His green eyes rake over my disheveled appearance and bare feet. I'm sure he's wondering what I'm doing looking homeless on a Thursday night at the beach. He meets my gaze again, leaning back on his elbows. "Enjoying your summer?"

"Not really." I wish I could stop being so honest with him. 

He glances down at the green plastic bag in my left hand. "What do you have there?"

Instinctively, I hide the bag behind my back. "I wanted to get a souvenir but I couldn't find anything I wanted."

"If you're not enjoying your summer why do you want to remember it?"

We sit in the silence for a moment, neither of us breaking eye contact.
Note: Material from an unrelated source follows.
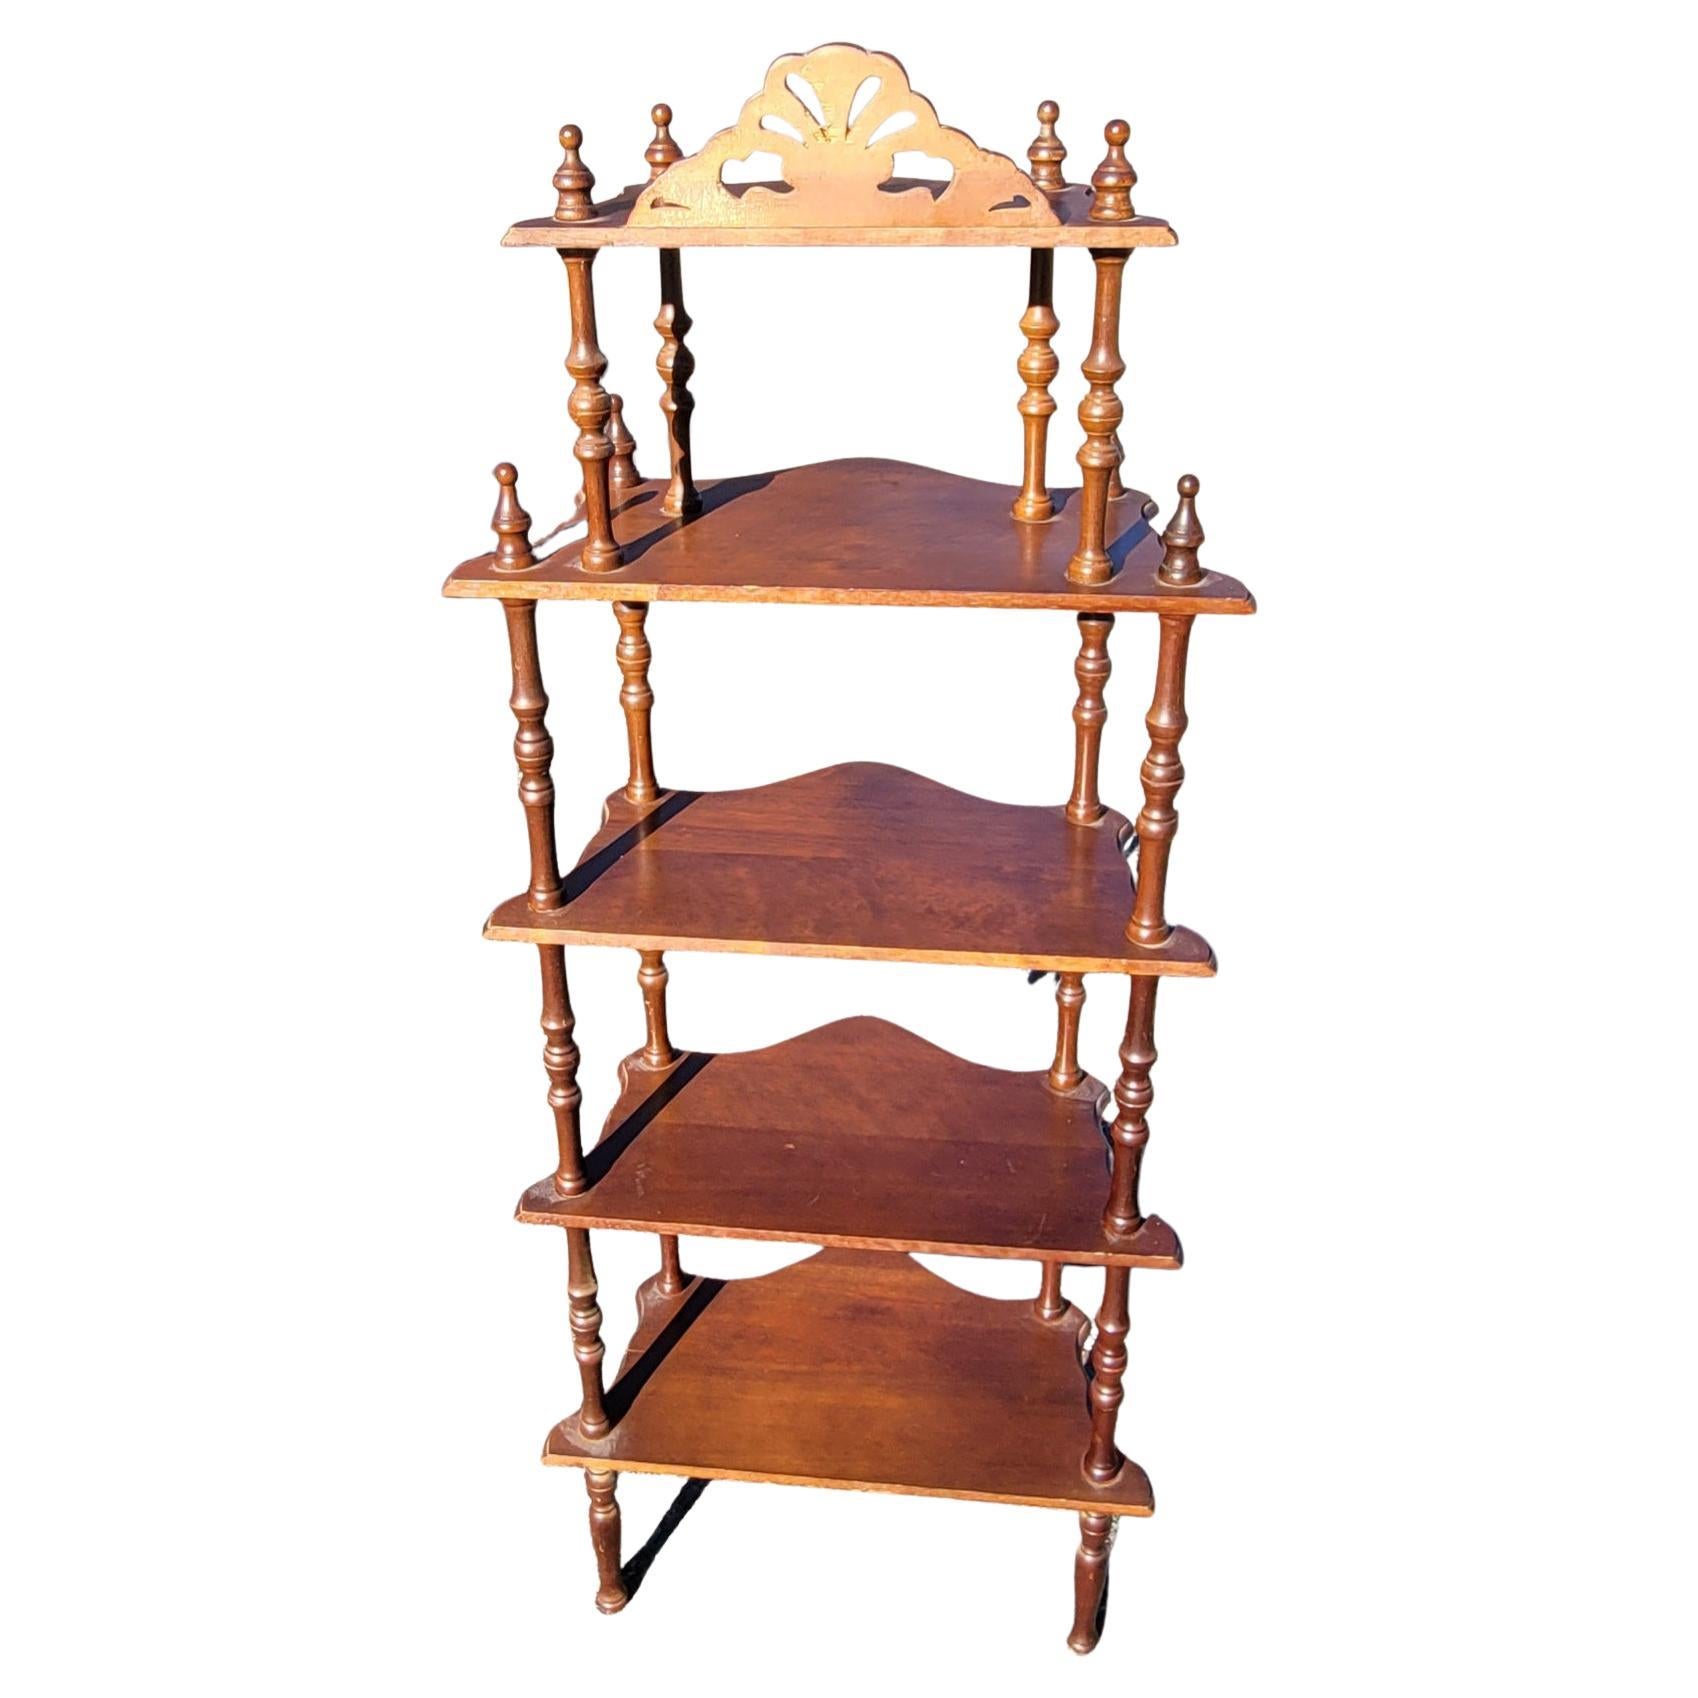 Hand-Carved Antique English Regency Style Carved Mahogany Narrow Etagere, Circa 1920s For Sale
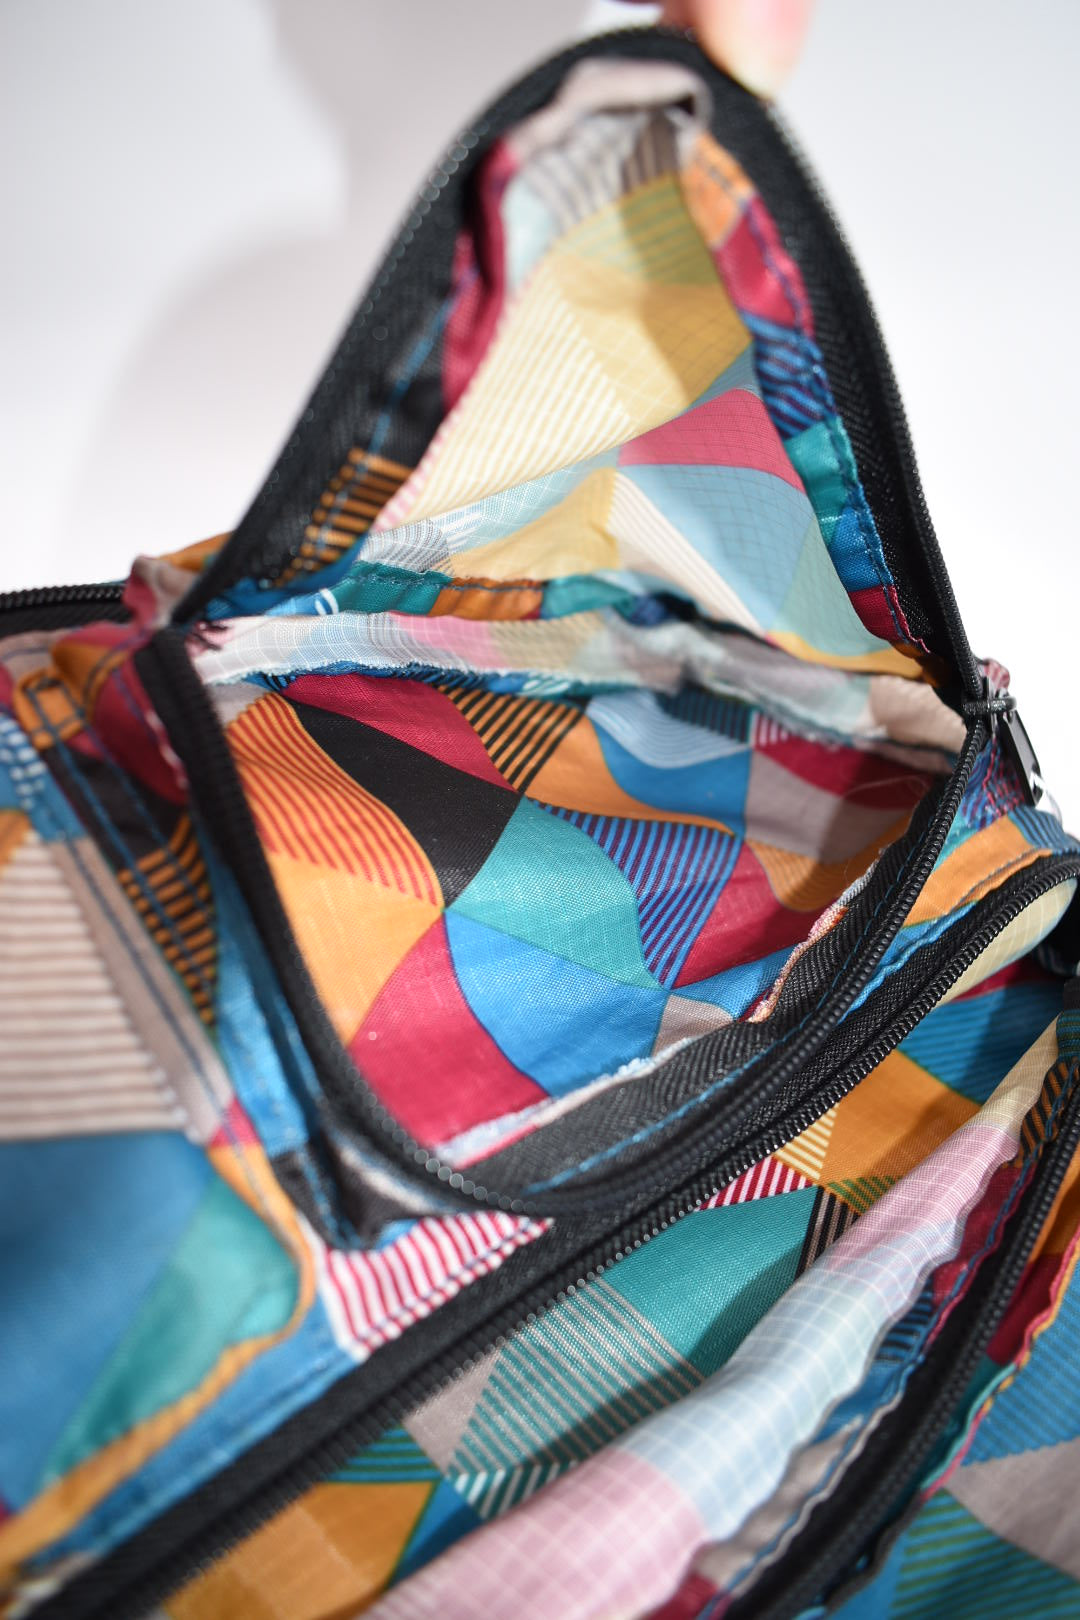 Kavu Nylon Rope Sack in Stained Glass

The wind blotting out our voices makes me feel anonymous in a way. 

"I'm hoping I can turn it around, and it ends well." 

"Are you, like, running from something?" He is observably confused, which isn't surprising considering all of the horrible tidbits I have dropped around him. 

"In a way." Actually, I am running towards something. Something very dangerous and frightening. 

"Someone?"

I shake my head 'no' and he looks placated for a moment. 

Suddenly, he's looking over my shoulder at the water. "You know, I live here year round. I don't know if I mentioned that."

"You didn't." He doesn't look over at me. 

"It gets kind of boring here, when summer melts away into autumn. Its so different than what tourists see, when they're here for a blip of time in the summer."

"I'm sure."

"It feels crowded in the summer, but really empty for the rest of the year." He looks back over at me finally. "So if your summer doesn't end well, the way you want, just know that it really doesn't for anyone here."

I can't tell if that is supposed to be depressing or comforting.  I say goodnight to him even though I don't wan't to, and I let my cold feet carry me through the wet sand, away from him, presumably forever. I can feel his curious eyes follow me every step of the way.